Подходим к калитке и замечаем молодого парня, который во дворе занимается трактором. Как оказалось, это Женя — внук Светланы и Евгения Шпетных. Эта семья в Гдени — «заможные крестьяне», именно к ним приходят со всей деревни за помощью в посадке и уборке урожая. Ещё бы, столько техники во дворе!
Нас интересует тема Чернобыля, об этом и стараемся узнать у хозяйки, которая через минуту появилась рядом.
Ещё мгновение — и мы уже внутри хаты рассматриваем фотографии семьи и вещи, которые лежат в комнатах. Новый дом и новая история.
— У 86-м гаду нас адсялілі, і праз шэсць месяцаў вярнулісь, — вспоминает Светлана.
— Вы не хацелі выязджаць?
— Не, людзі проціў былі. Начальства первае ўехала, скот выгналі, усё забралі…Куда было дзявацца?
— А вам гаварылі, з-за чаго вас высяляюць?
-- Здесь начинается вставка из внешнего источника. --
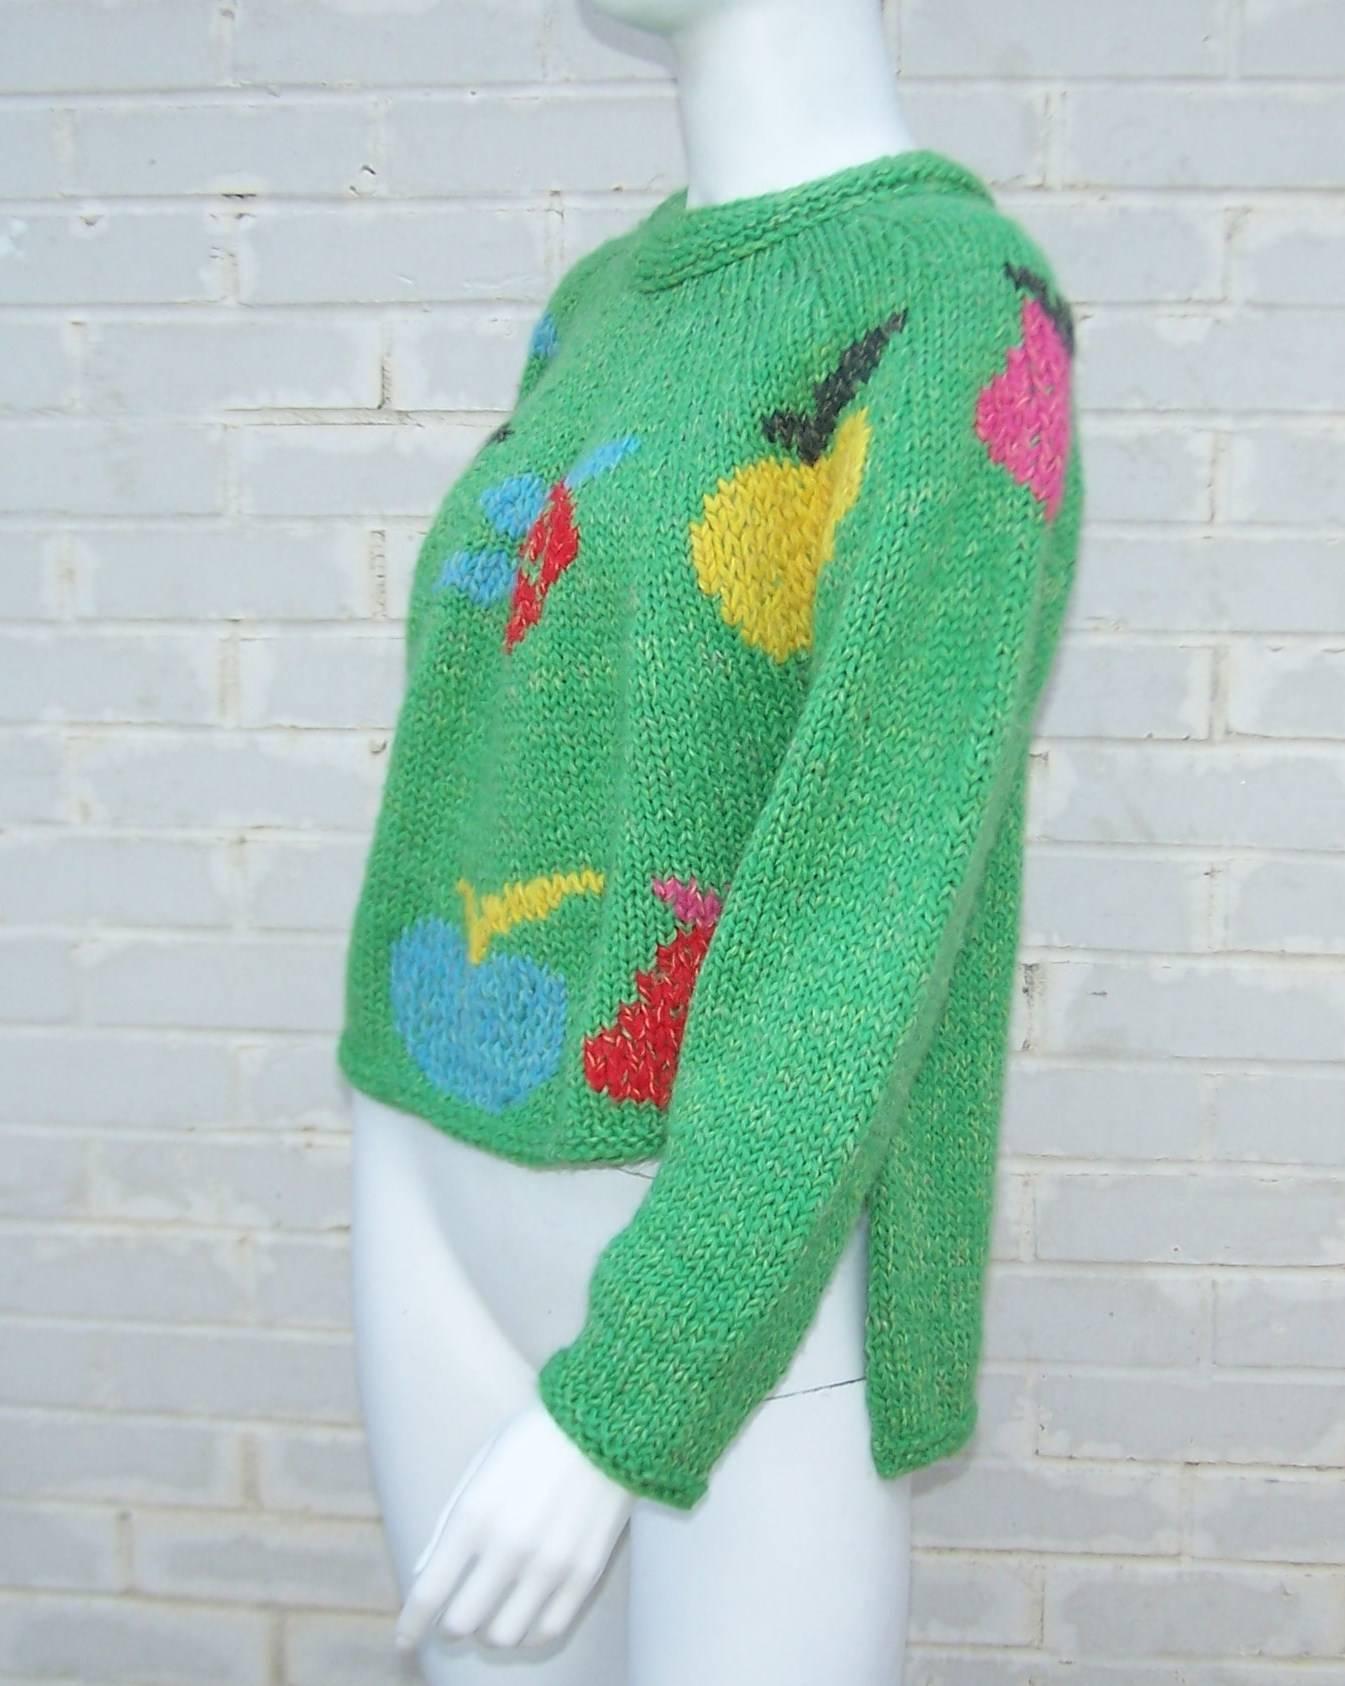 What a cutie!  Italian designer, Enrico Coveri, paired bright green wool with colorful fruit images to make a cozy bear hug of a sweater.  Even better, he created an playful silhouette by cropping the front and providing a long tail in the back.

— Высялялі, сказалі, да восені і абратна. Падсялілі па Брагінскаму раёну па дзярэўнях, скот, усё вывезлі, тут стаялі пасты, ніхто нікога не прапускаў. Патом восенню ўсе вярнулісь назад: калхоз вярнуўся назад, скот назад, кантора назад, рабочыя назад, усе работалі.
— А чаму вярнулісь?
— Пагана было. Усе прэзіралі нас, у вочарадзі ў магазіне ўцякалі – думалі, мы заразныя. Усе лучшыя прадукты – сваім жыцелям, а нам — што асталась.
— А як вы лічыце, зона адсялення – гэта правільна?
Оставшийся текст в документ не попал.